Bowser made Washington, ravaged by an economic downturn due to the COVID-19 pandemic, more palatable to business. She spoke of “taking big swings to keep D.C. teams in D.C.” through sweetheart deals made with sports owners, setting aside $1.5 billion to renovate Capital One Arena and build a new RFK Stadium. On the other side of the economic ladder, she ordered the clearing-off of homeless encampments throughout the city, most notoriously at McPherson Square in Northwest Washington in February 2023, when 70 people were cleared out of their tents, with their belongings destroyed.

On immigration, Bowser silently consented to Trump’s anti-migrant pogrom. While Bowser spoke of D.C. being a “sanctuary city” prior to Trump’s second term, she has since advocated for a repeal of the city’s sanctuary city law, in line with numerous Democratic mayors in major cities pushing anti-immigration laws and policies.

As a Washington Post editorial board statement on the day of Bowser’s resignation put it, “the Democrat put the capital city before her own political ambitions.” Here, “the city” is defined not as a diverse city of working class people, but the city of business interests, corporations and the affluent.

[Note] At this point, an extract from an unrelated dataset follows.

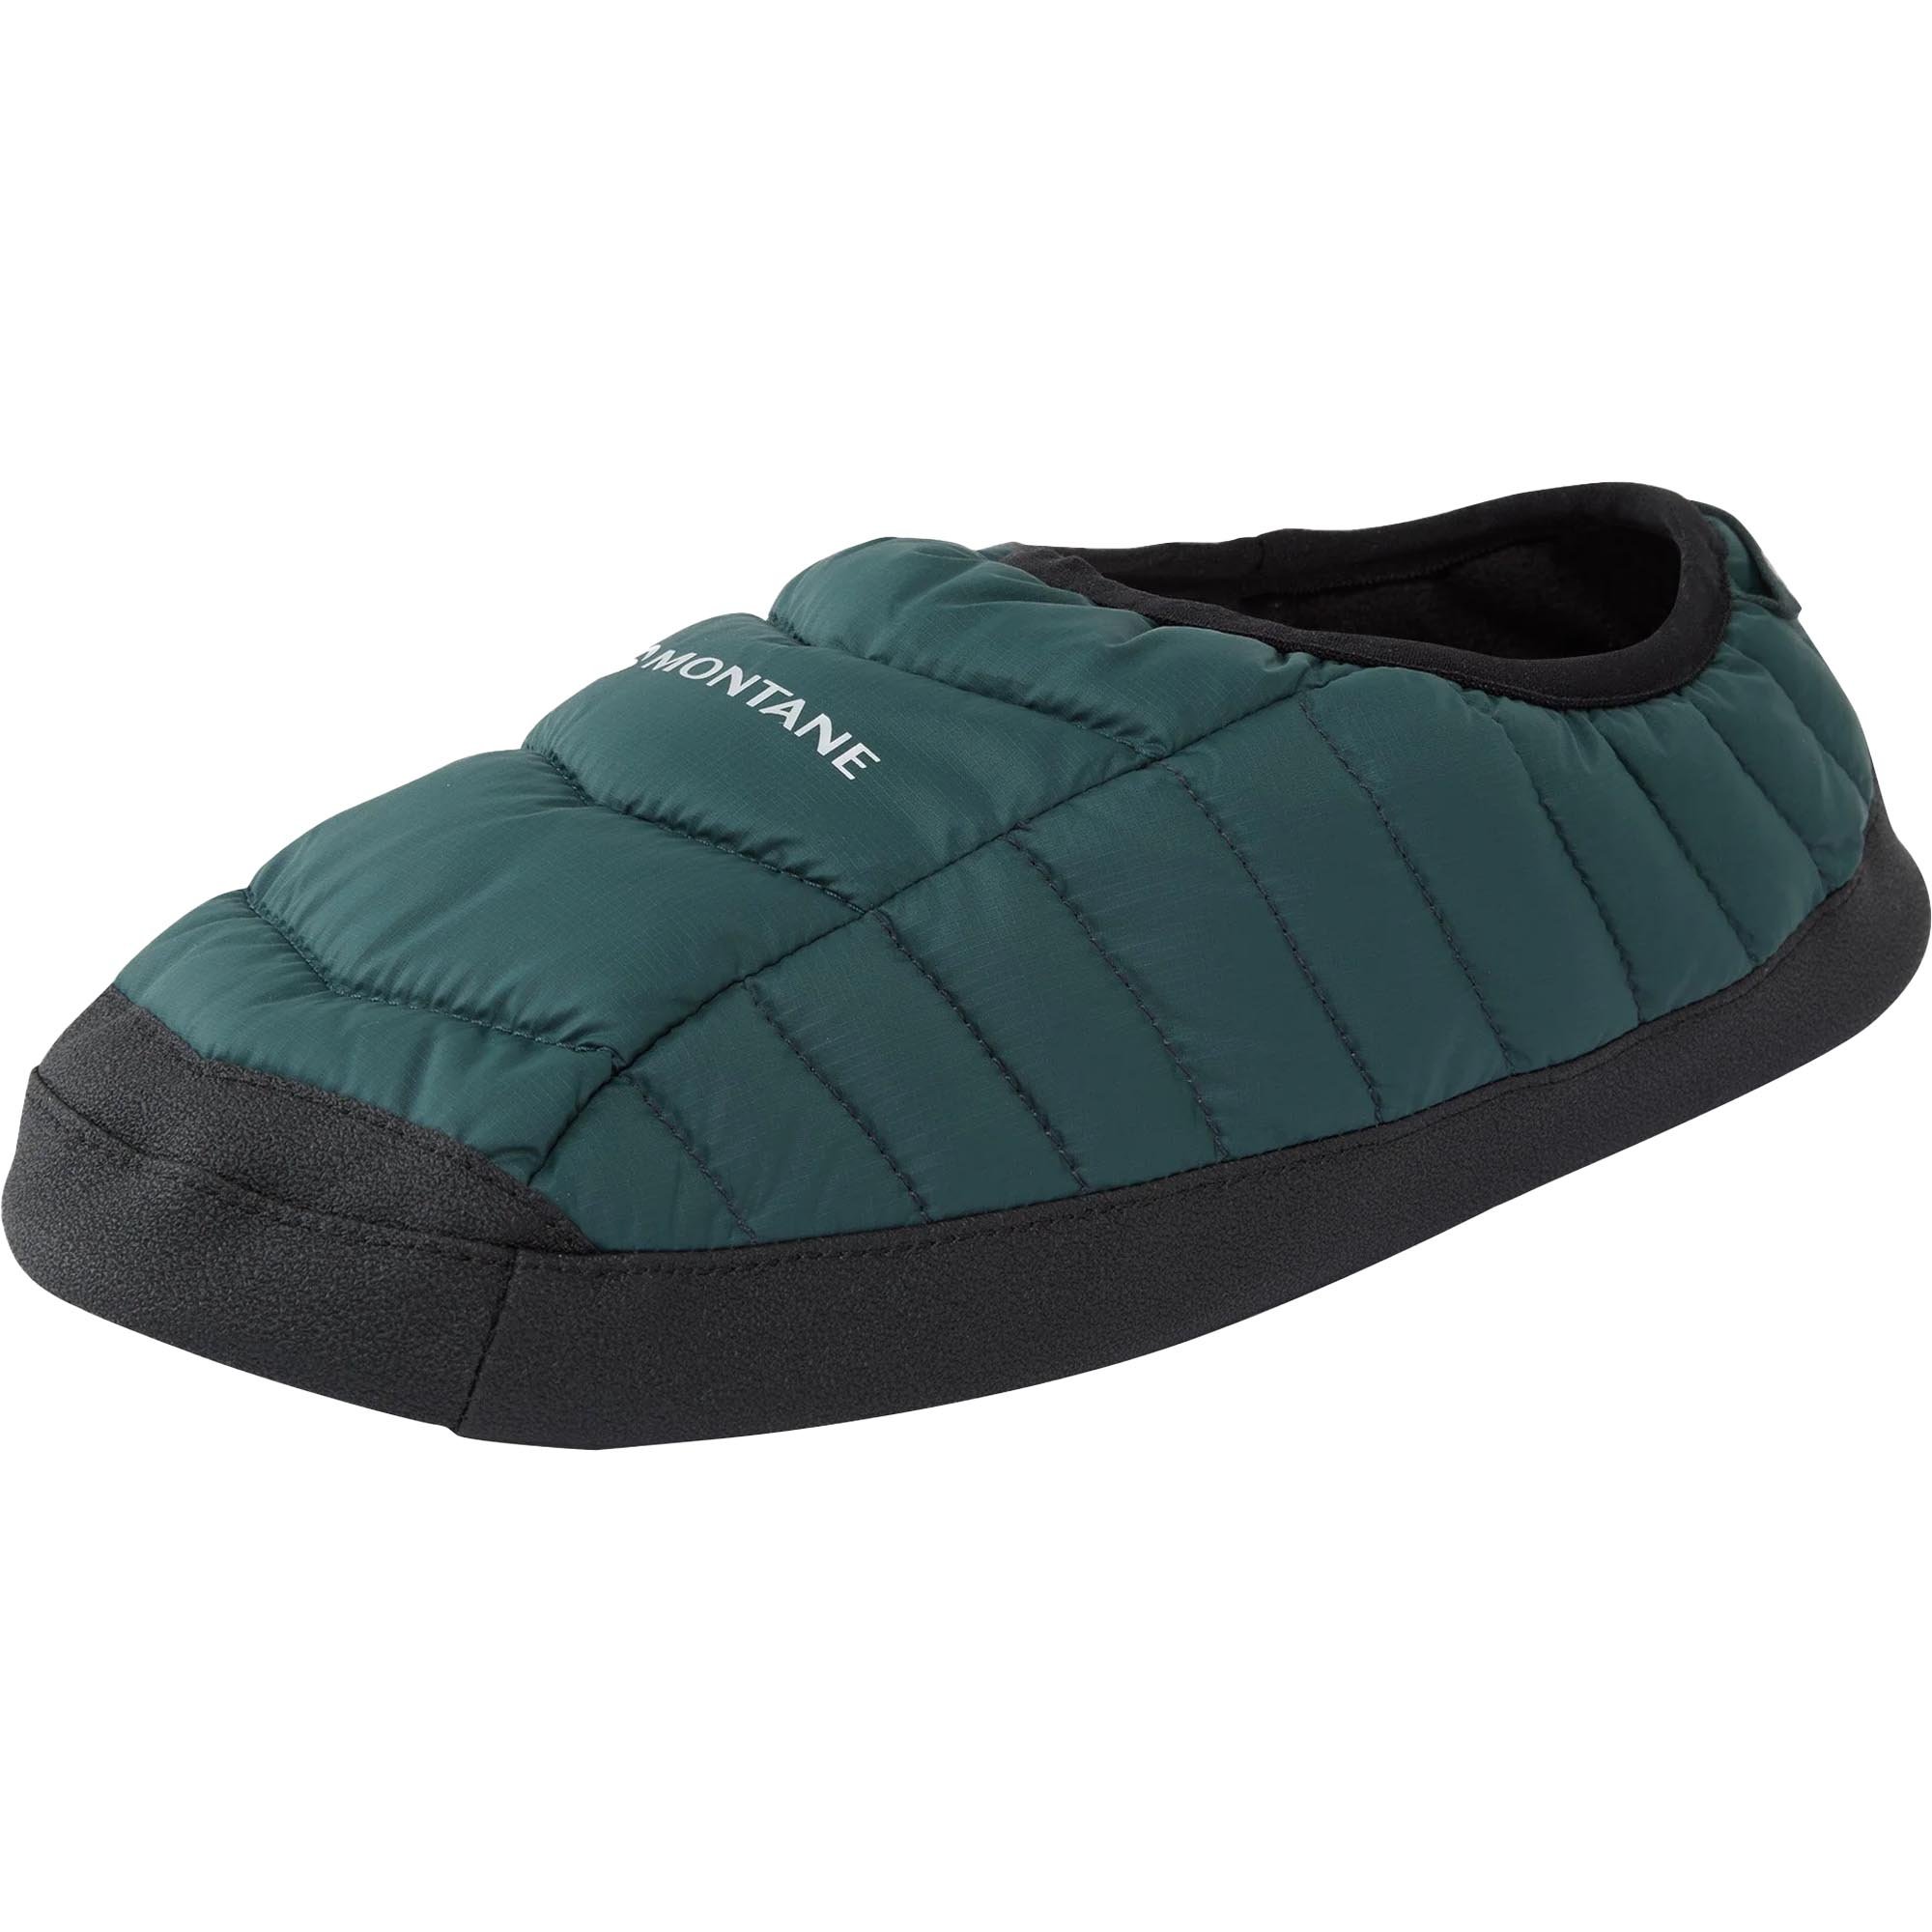 Montane Icarus Hut Insulated Camping Slippers

Under this cloud, Bowser announced she would not run for another term as mayor, with her final term to end in January 2027. As the record has shown, however, the departure of a mayor and the policies that came with it does not mean those policies are a thing of the past.

For the working class in D.C. and around the world, the task is not to elect left-talking capitalist politicians but to establish political and organization independence from all agencies of capitalism and their pseudo-left defenders.